Academy Award-winning director Barry Jenkins has unveiled a teaser trailer of his highly-anticipated limited TV series, The Underground Railroad.
Jenkins shared a first glimpse of the show on Monday, tweeting “We the People...” along with the minute-long clip, a slow pan over a crowd of Black people, dressed in period-specific clothing, huddled in a train station.
Titled “Preamble,” the shot is set to a soaring instrumental score, eventually coming to rest at the front of the crowd, where an all-Black line of train conductors, men and women, stand shoulder-to-shoulder, dressed in matching dark blue suits with black ties.
In a voiceover, one person asks, “Who built all this?” A second voice responds: “Well, who builds anything in this country?”
The nine-episode series, which will be available on Amazon’s Prime Video, is based on the 2017 Pulitzer Prize-winning novel by Colson Whitehead of the same name. In it, Whitehead imagines an alternate timeline in which the Underground Railroad, the network of abolitionists and safe houses, is an actual railroad.

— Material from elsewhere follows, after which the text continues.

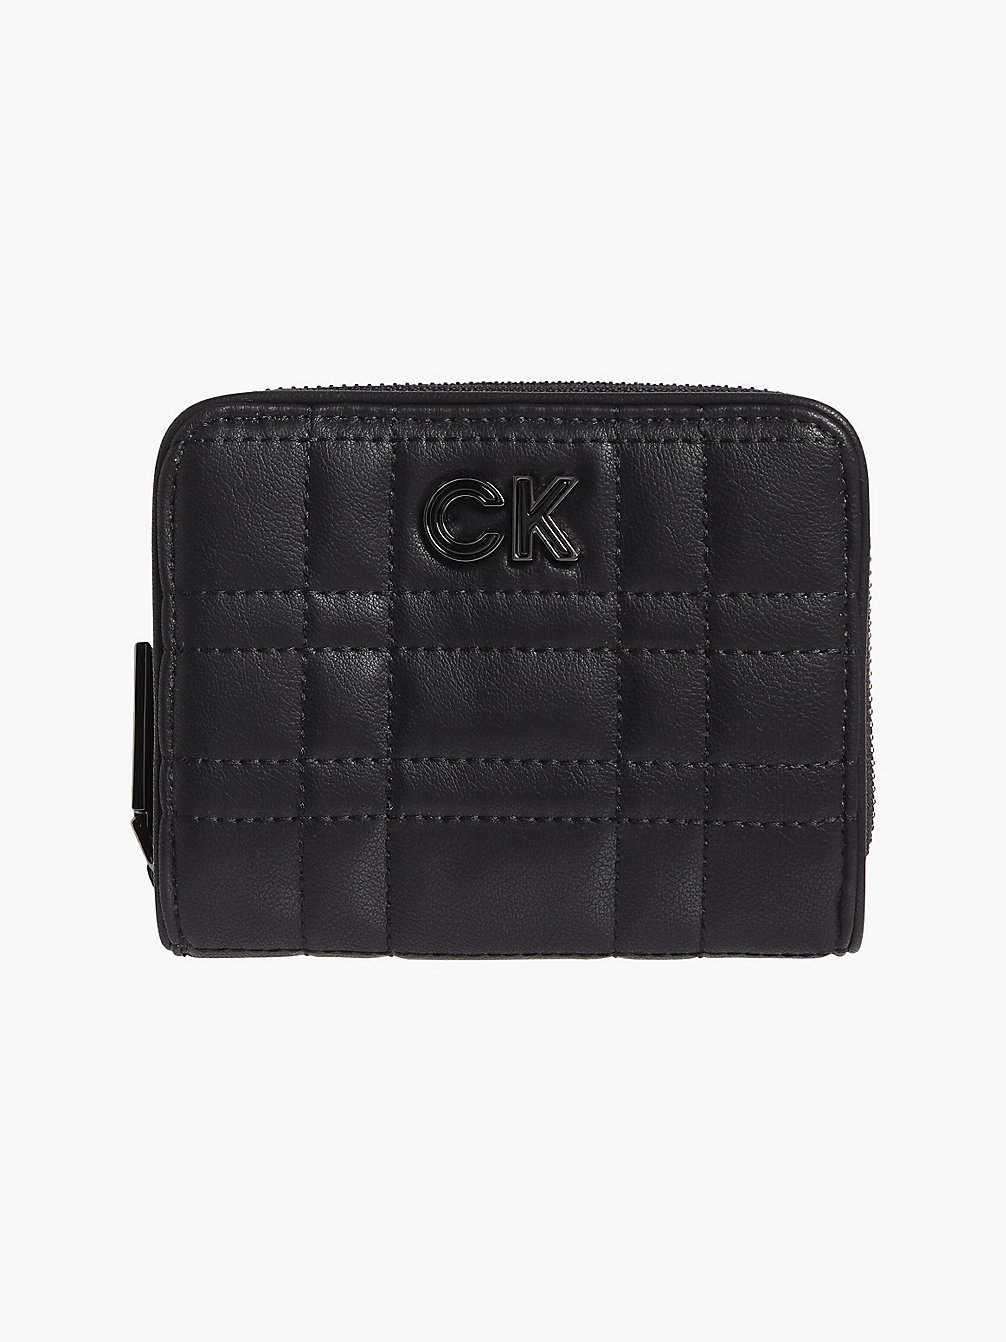 CK BLACK Recycled Quilted Zip Around Wallet undefined women Calvin Klein
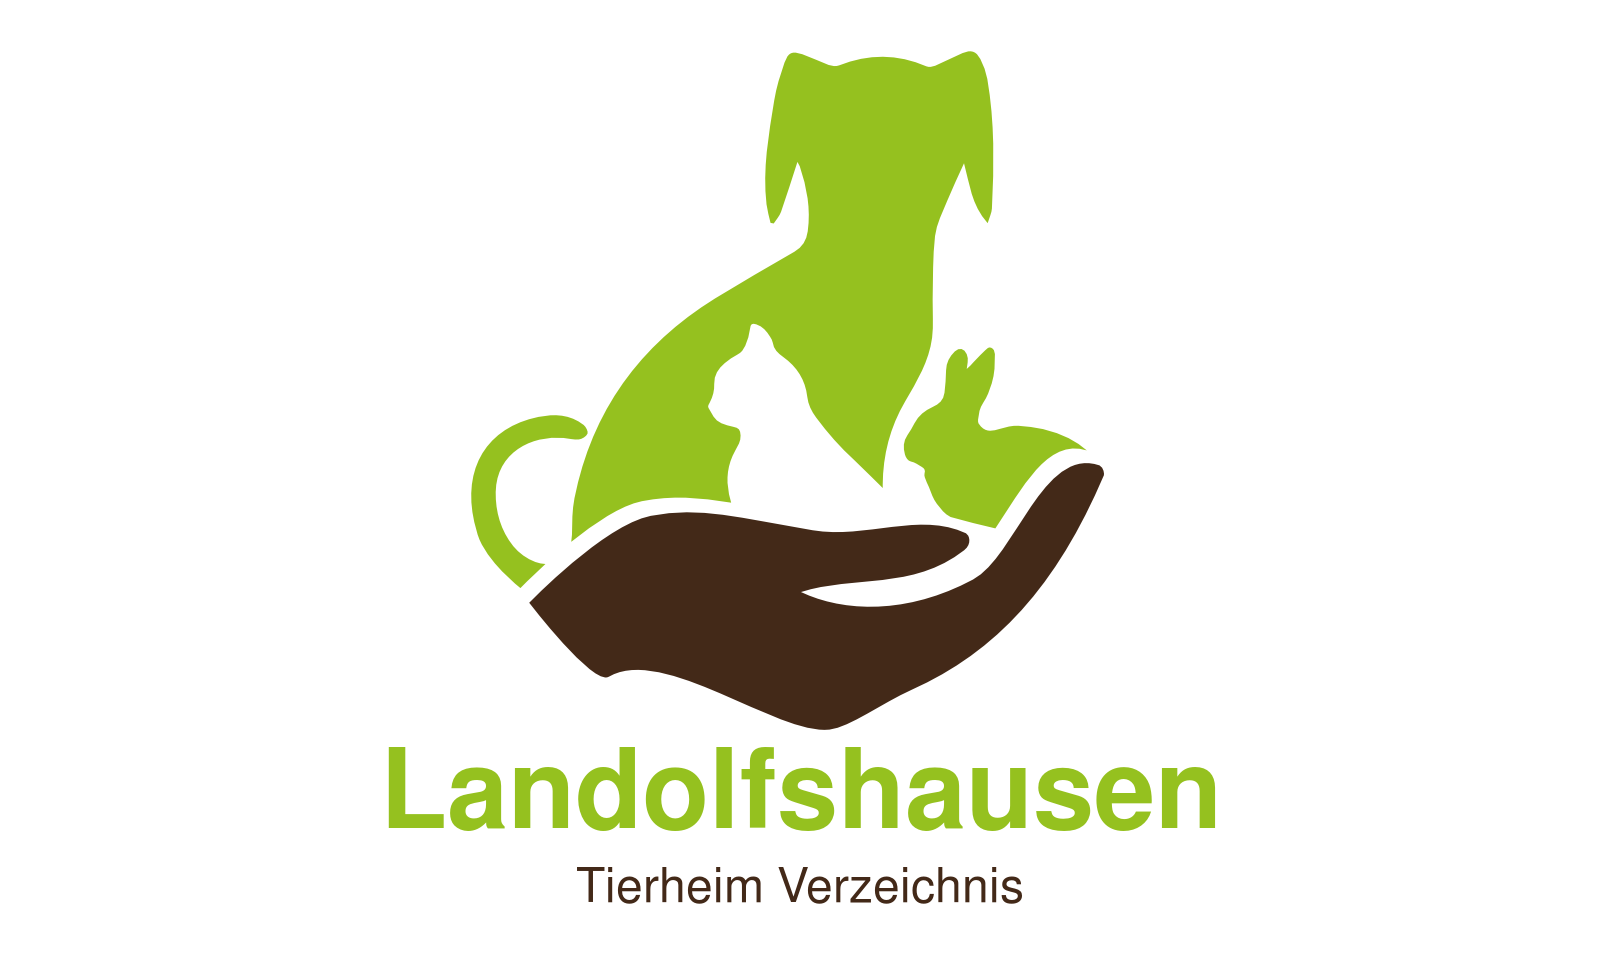 Tierheim Landolfshausen

While the novel follows two enslaved people as they attempt to escape their Georgia plantation, Jenkins’ adaptation focuses on one woman, Cora, played Thuso Mbedu, who runs away only to find an actual railroad beneath the ground, as well as train conductors and engineers working to help enslaved Black people escape to freedom. The show also stars Chase W. Dillon as Homer, an enslaved 10-year-old boy, and Joel Edgerton as the slave-catcher Ridgeway.
Jenkins, who previously directed the Oscar-award winning film Moonlight, as well as the James Baldwin adaptation If Beale Street Could Talk, directed all nine episodes of the Amazon Original Series. Whitehead also serves as an executive producer.
Production on the show wrapped last month.
Known for the sensitivity and care with which he depicts Black life and Black people onscreen, Jenkins told IndieWire earlier this year that directing Underground Railroad was the most emotionally grueling experience of his professional life.
“It’s the toughest thing I’ve ever done, not because it was difficult to make physically, but just emotionally,” Jenkins told the trade magazine back in April. “I’ve never cried on set with anything I’ve made. On this one, at least once every two weeks somebody would be like ‘you alright man?’”
“I would have to walk…off the set for 10 or 15 minutes because I was just distraught,” Jenkins added. “Our guidance counselor pulled me off set one day and would not let me continue to direct.”